ICU Medical, Inc. recalls 84" (213 cm) 20 Drop Y-Type Blood Set w/200 Micron Filter, Cylindrical Hand Pump, Clave¿, Rotating Luer, Sterile The bl…

Recall date

July 31, 2017

Source

U.S. Food & Drug Administration (FDA) — enforcement report

Recall number

Z-2623-2018

FDA classification

Class II

Brand / firm

ICU Medical, Inc.

Sold / distributed

Worldwide Distribution: US (nationwide) distribution to AL, AR, CA, CT, DE, FL, IA, IL, IN, KS, MA, MD, ME, MI, MO, NC, NJ, NY, OH, OR, PA, RI, TN, TX, UT, VA, WA, WV; and countries of:: Canada, Cyprus, Japan, Kuwait, MALAYSIA ,and South Africa.

Why it was recalled

Some devices were labeled as Does not contain DEHP even though the product may contain small amounts of DEHP.

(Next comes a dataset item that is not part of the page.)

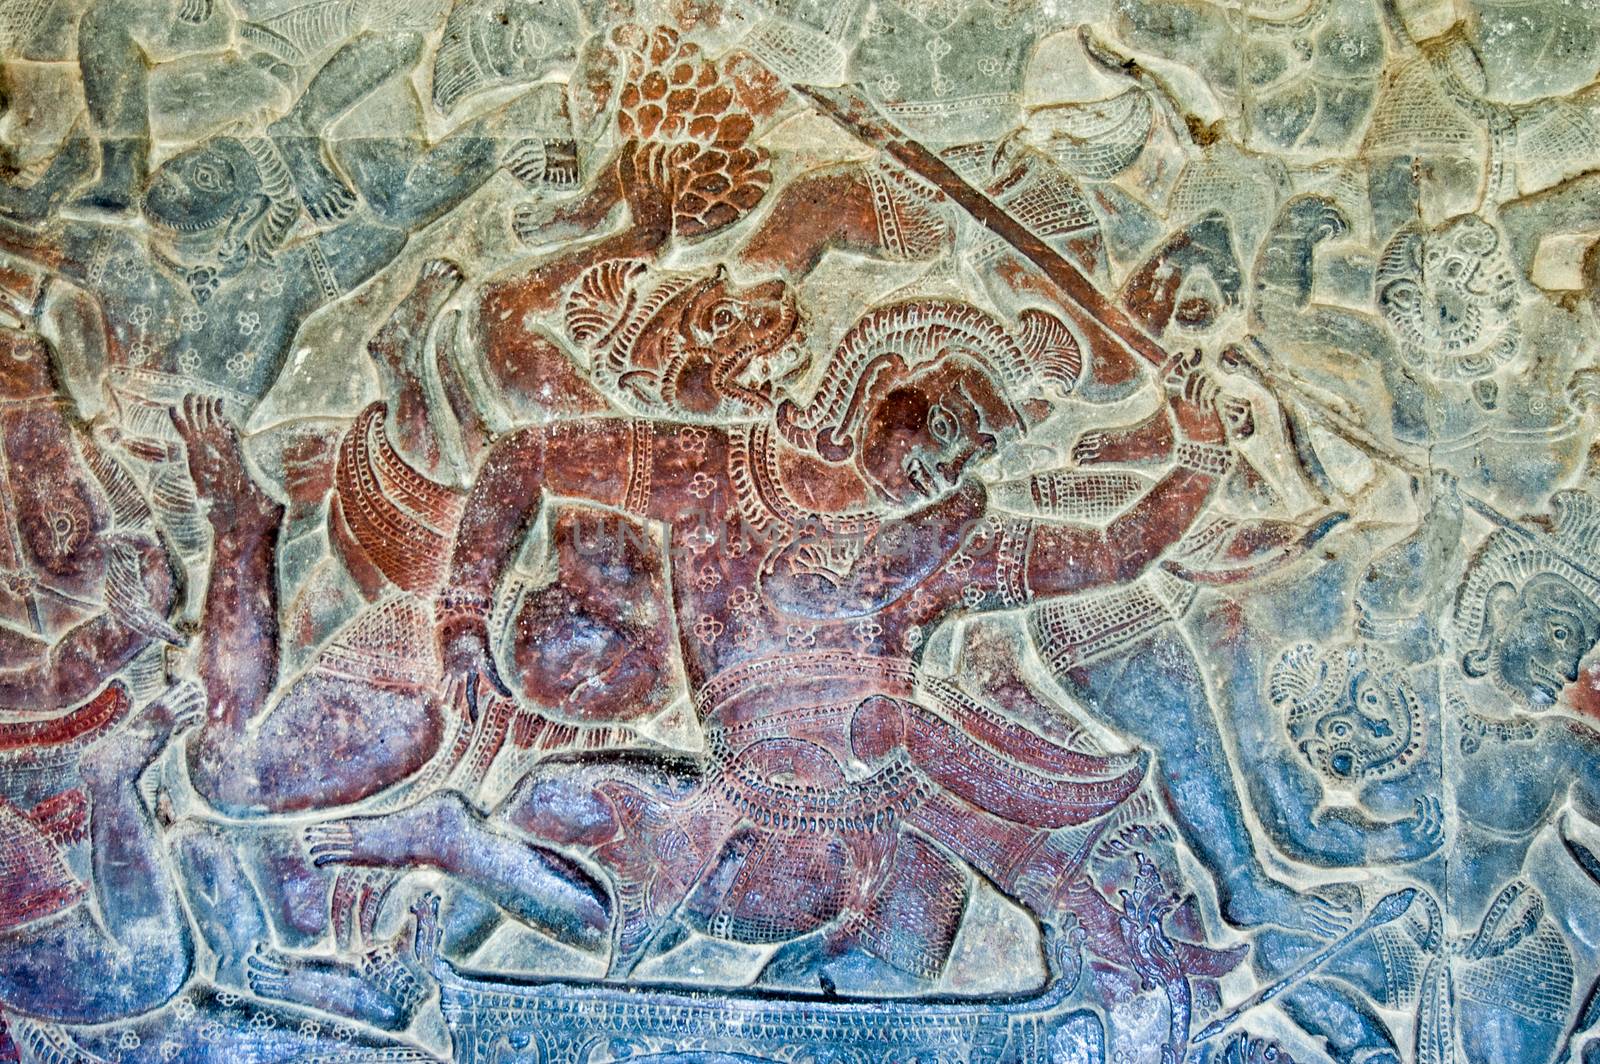 Bas relief showing a scene from the Battle of Lanka between Rama and Ravana as described in the epic Ramayana. A monkey soldier is fighting a demon. Wall of Angkor Wat Temple, Angkor, Cambodia.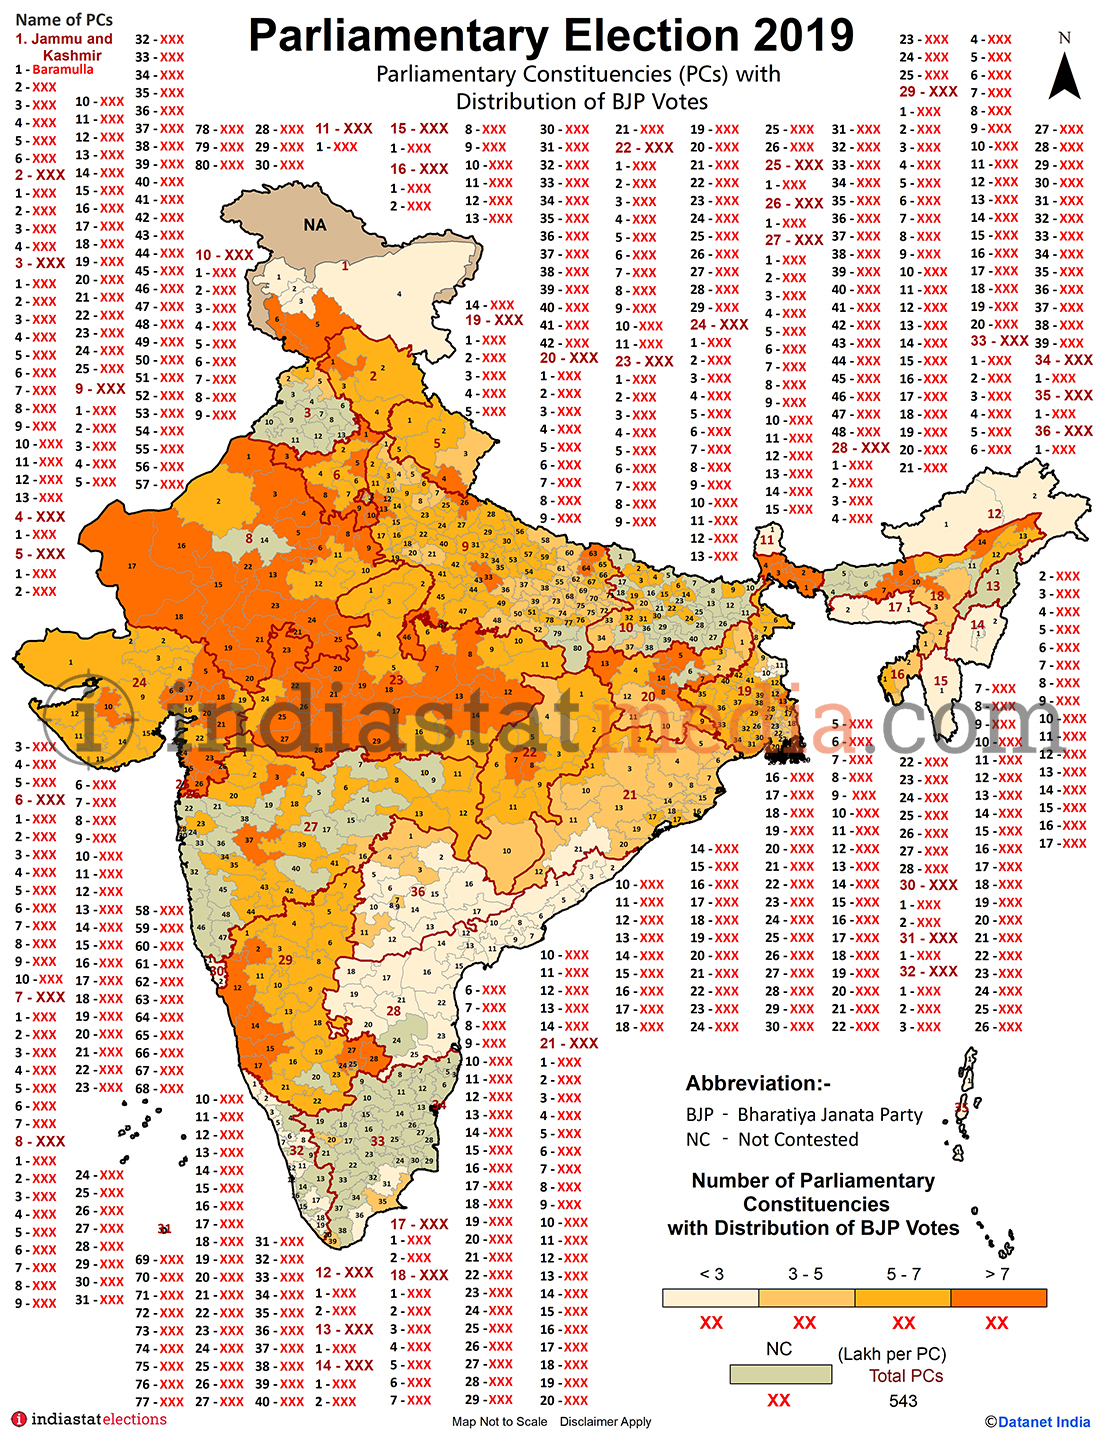 Distribution of BJP Votes by Parliamentary Constituencies in India (Parliamentary Election - 2019)

Class II means using this product may cause temporary or medically reversible health problems; the chance of serious harm is remote.

What was recalled

84" (213 cm) 20 Drop Y-Type Blood Set w/200 Micron Filter, Cylindrical Hand Pump, Clave¿, Rotating Luer, Sterile The blood tubing accessory with CLAVE Connector is a single use, sterile, non-pyrogenic device intended for use as an adjunct to blood tubing sets or venipuncture devices for needle-free withdrawal of blood.